──────── Dataset section ────────

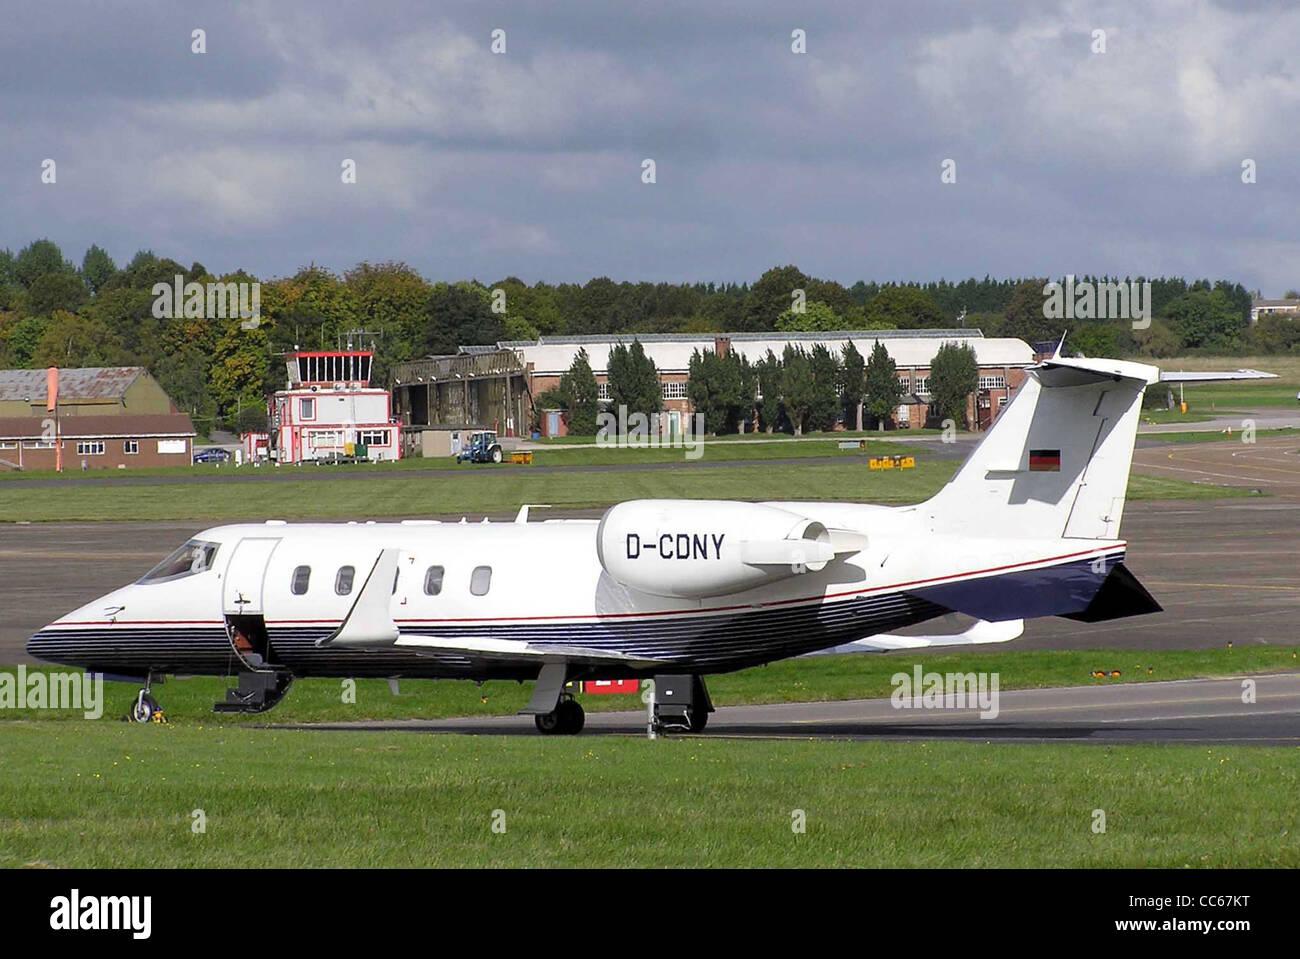 Learjet 60 business jet, German registration D-CDNY. - Stock Image
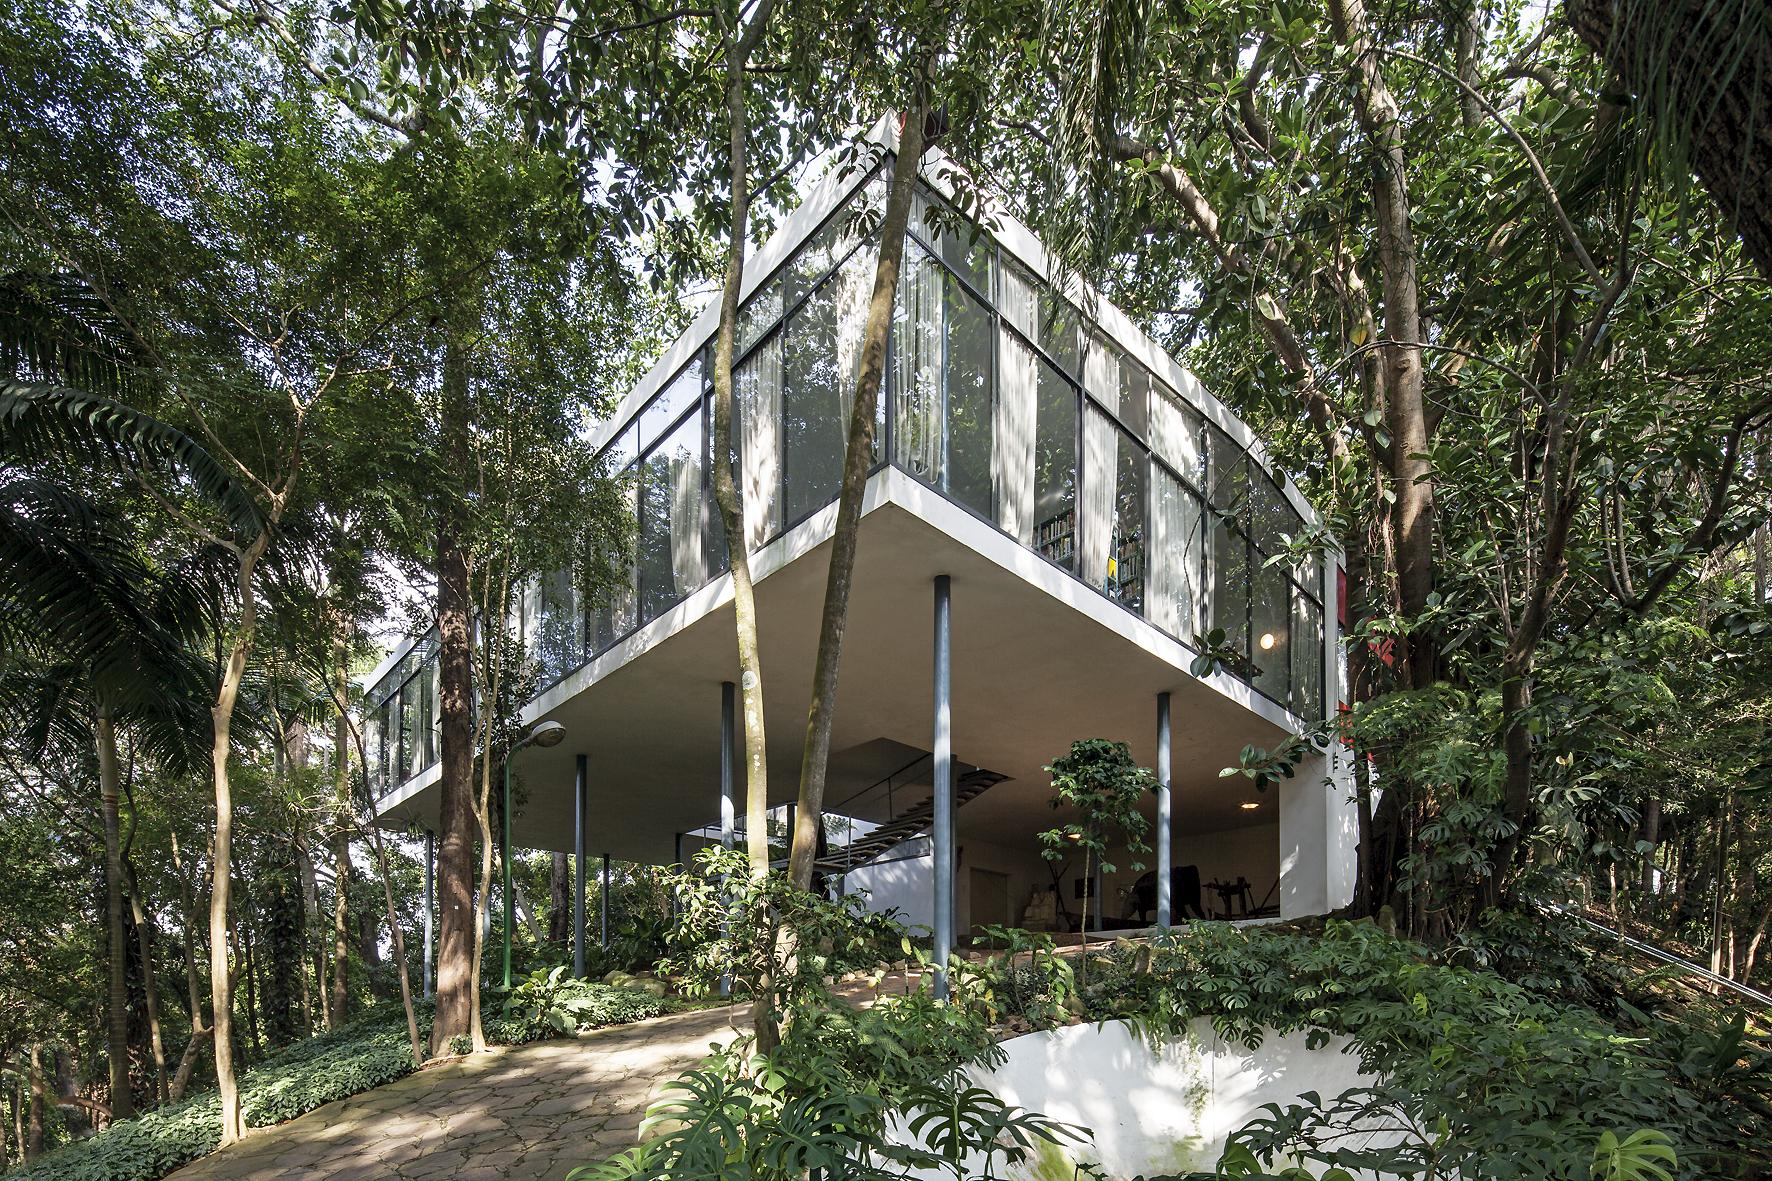 Brazilian architecture the dream house casa de vidro amuse
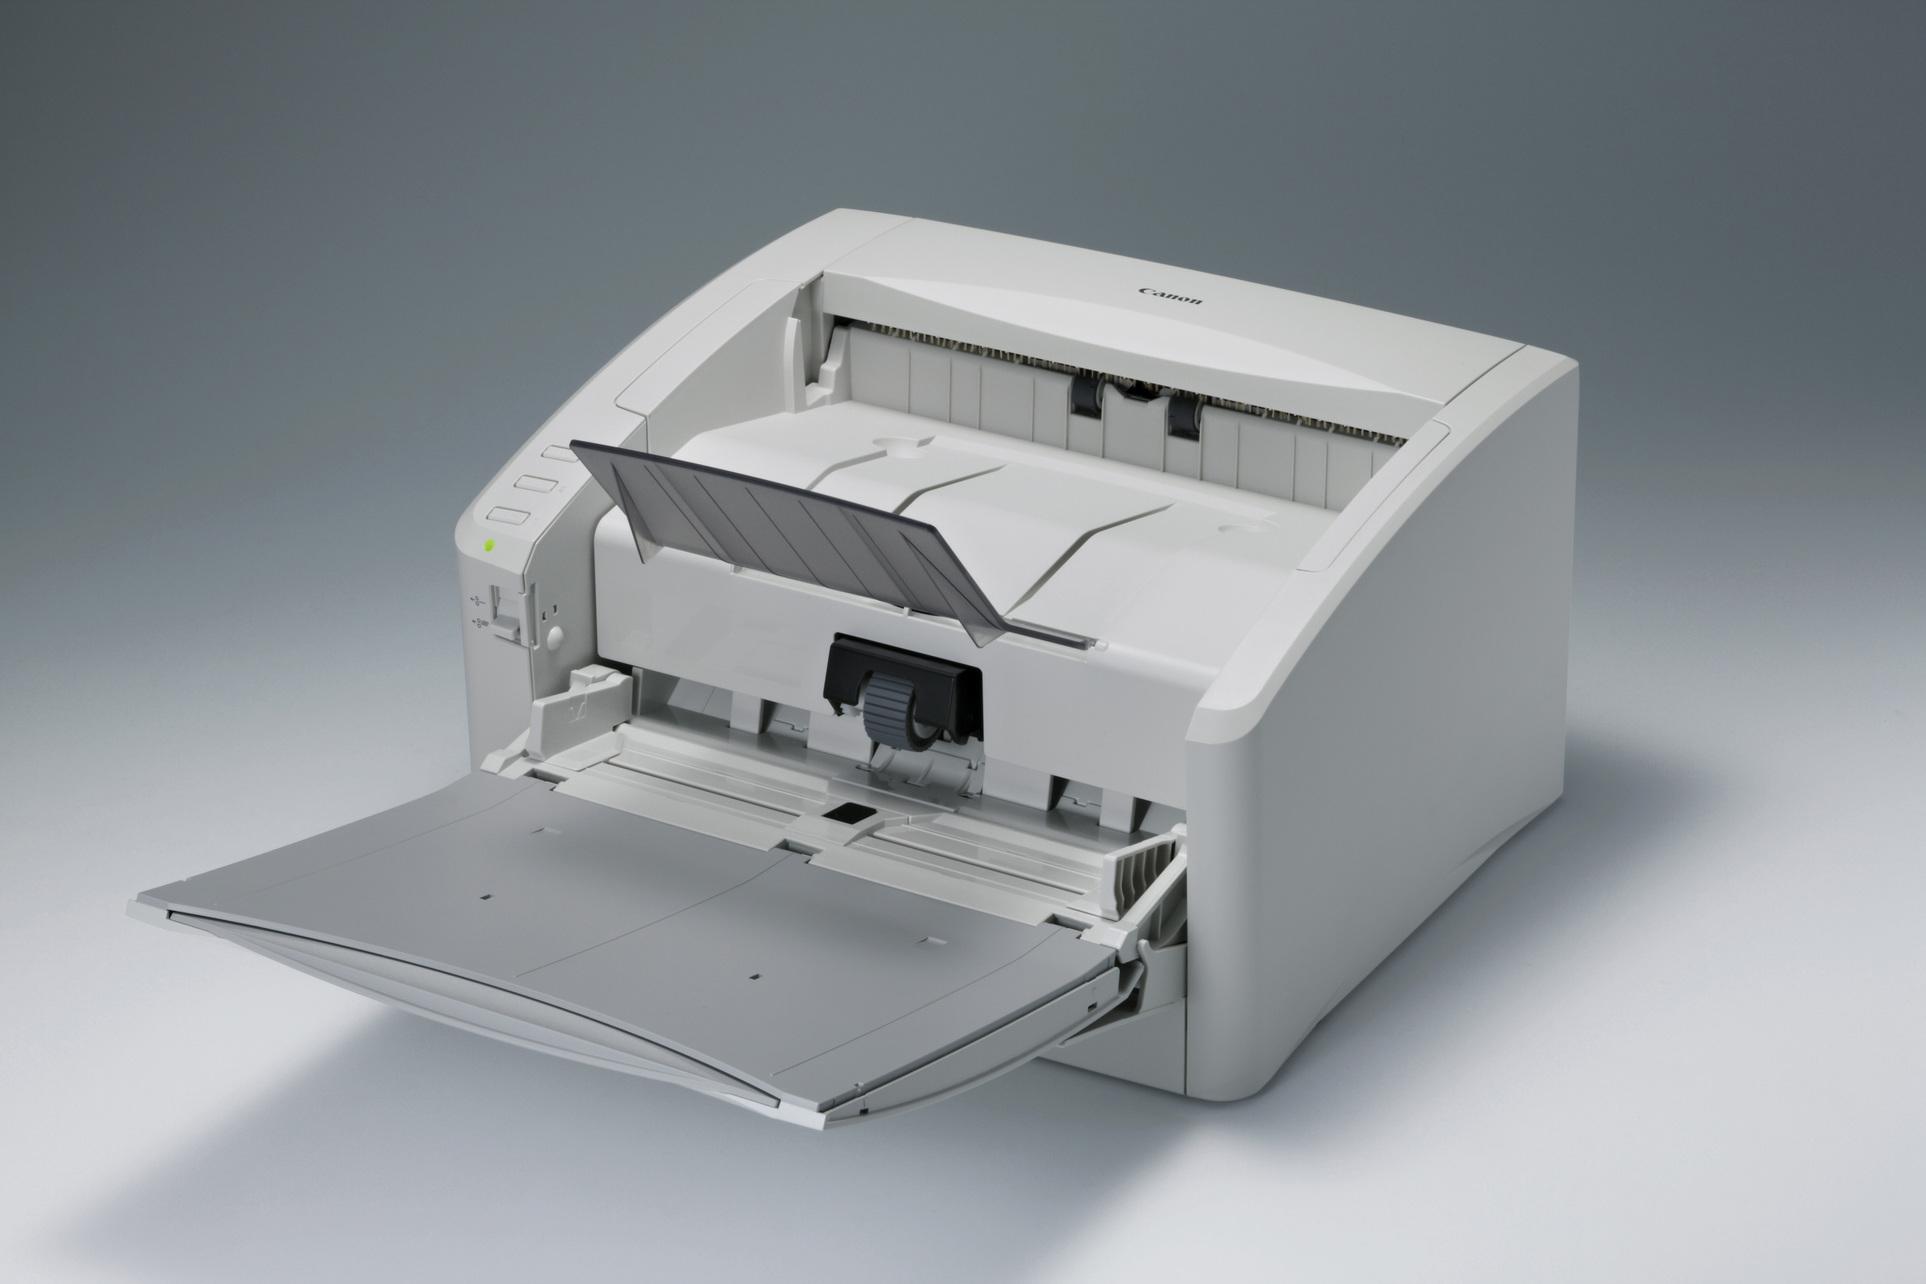 Canon DR-6010C imageFORMULA Scanner DR-6010C imageFORMULA

────────

Print the material again, unchanged, without its pictures.

 Learjet 60 business jet, German registration D-CDNY. - Stock Image
 Brazilian architecture the dream house casa de vidro amuse
 Canon DR-6010C imageFORMULA Scanner DR-6010C imageFORMULA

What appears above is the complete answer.